The size of our CPU is quite large due to not only the register file array and the sheer size of the memory array used for the instructions and data/stack, but also due to the three arithmetic logic units used for our program counter, branch operation, and actual arithmetic/logic operation. As this is a single-cycle CPU, there are very few pieces of hardware that are being used across different stages of within a single instruction. The size of the computer can be reduced, for example, by directly feeding JAL's PC + 4 to the WriteData of the register file instead of introducing an extra input to the muxB or by utilizing adders rather than full ALUs for some arithmetic. Nonetheless, this leaves flexible space for us to expand our CPU to allow for pipelined CPU's PC + 8 way more easily without any significant hardware redesign.

At the same time, we chose to employ existing Verilog modules in an effort to reduce the number of distinct modules we have to write. That decision led us to, among other things, utilize a four input mux for a three-input mux with one of the inputs left floating. Thus, the area of our current design is significantly larger than what it actually could be if we spent time to optimize the system.

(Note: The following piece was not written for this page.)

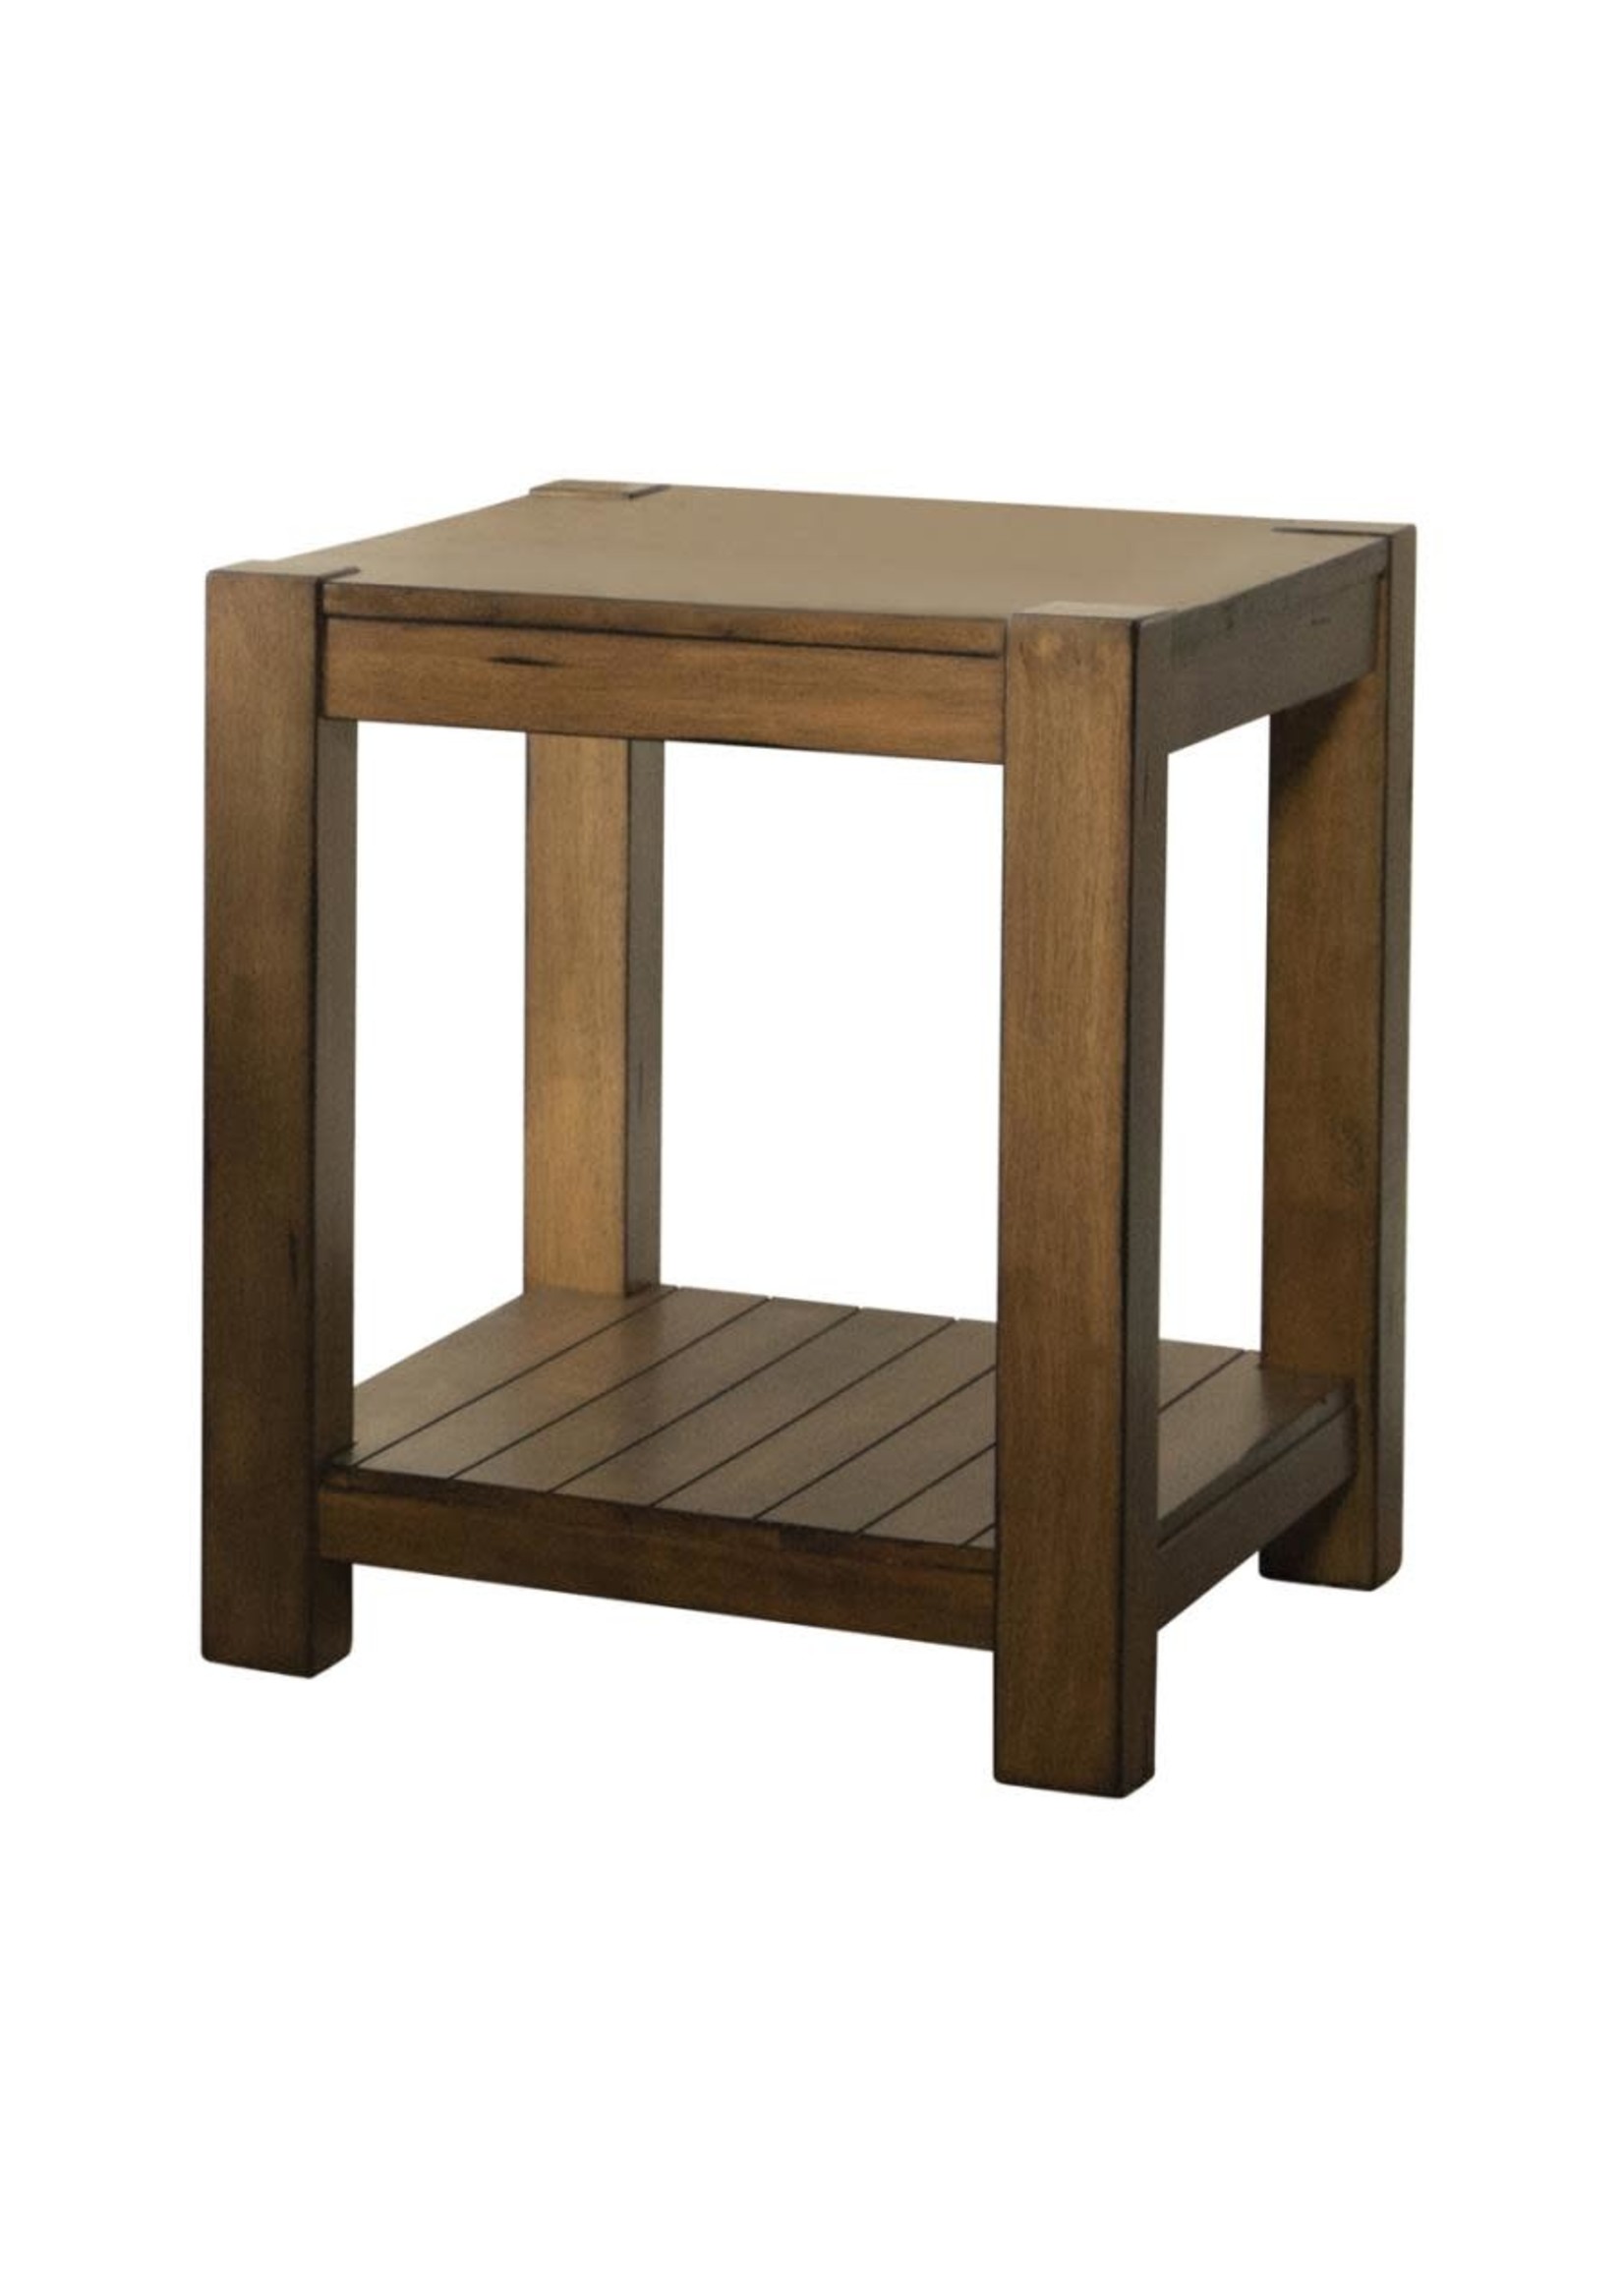 COASTER 724337 END TABLE RUSTIC BROWN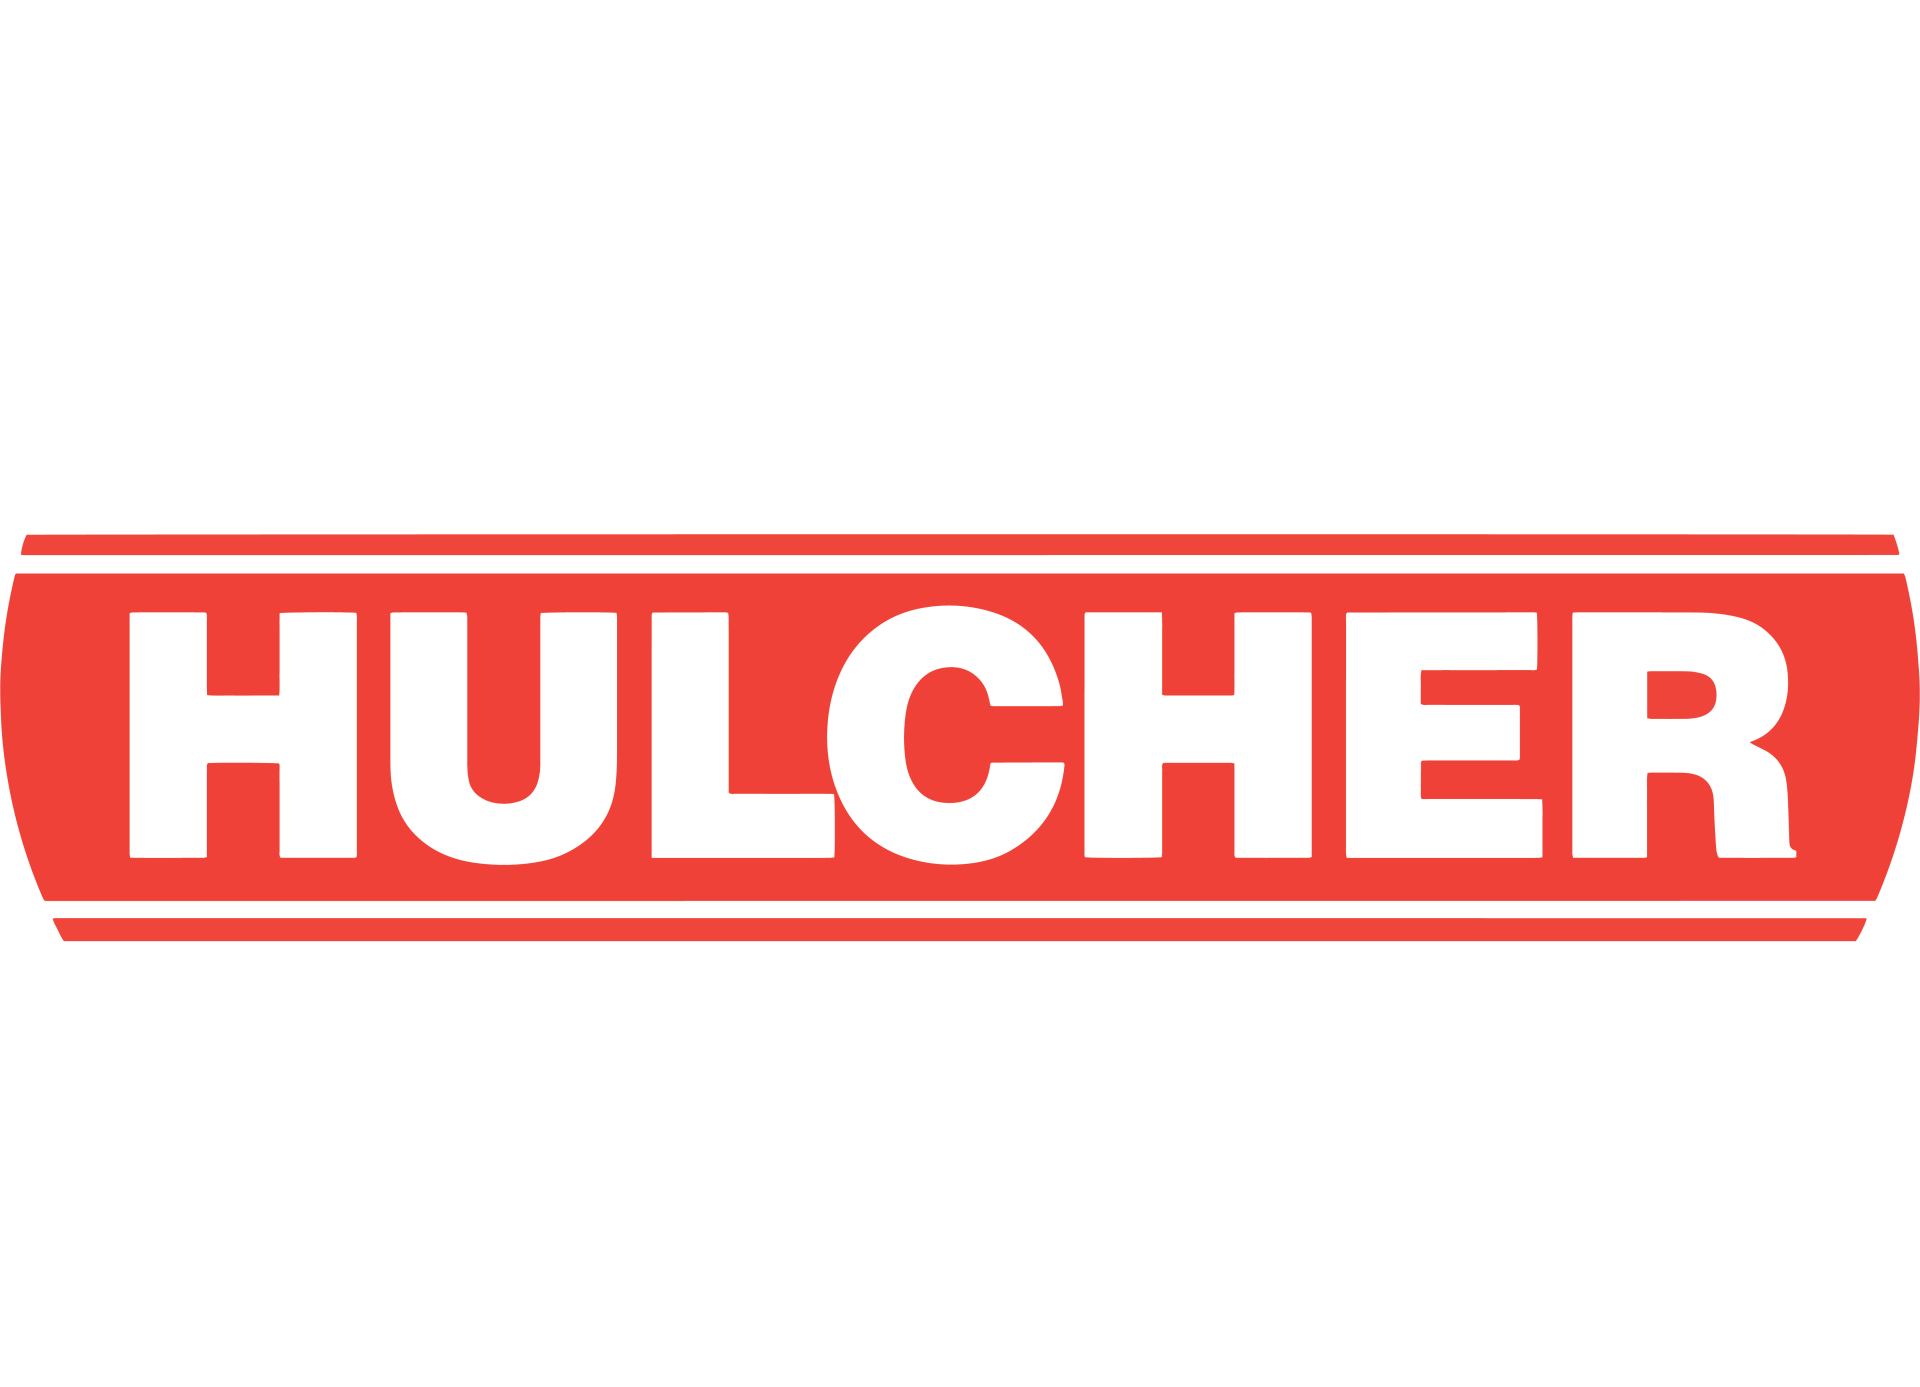 Hulcher Services Inc. Customer Service for Over 50 Years  Railroad Contractor Services

Unfortunately, we were unable to properly generate the Vivado file to get quantifiable performance characteristics.

## 5 Work Plan Reflection

We set up our work schedule to be heavily skewed toward the second week of this lab because of the PoE sprint reviews that happened during the first week of this lab. Despite the setback in time we had, we were able to read through Section 7.3 of Digital Design and Computer Architecture and work efficiently. We were able to move from just starting to draw our block diagrams and control tables to collecting all the necessary Verilog modules in less than a day. However, we were unable to produce a meaningful assembly test program by the time we started wiring our top level designs together. The assembly program ended up taking triple the amount of time than we expected as we rushed to finish our Assembly programs the day before they were due. Also, we spent approximately 25 hours as a whole working to complete the test benches for the top level cpu module and each submodule.

### 6 Module Reuse

For Lab 3, we reused the following modules, with alterations as deemed necessary, from the following sources:

- Arithmetic Logic Unit and its accompanying test bench from Daniel's and Josh's Lab 1 design
- Register, multiplexer, and decoder from Daniel's HW4
- RegisterFile from Josh's HW4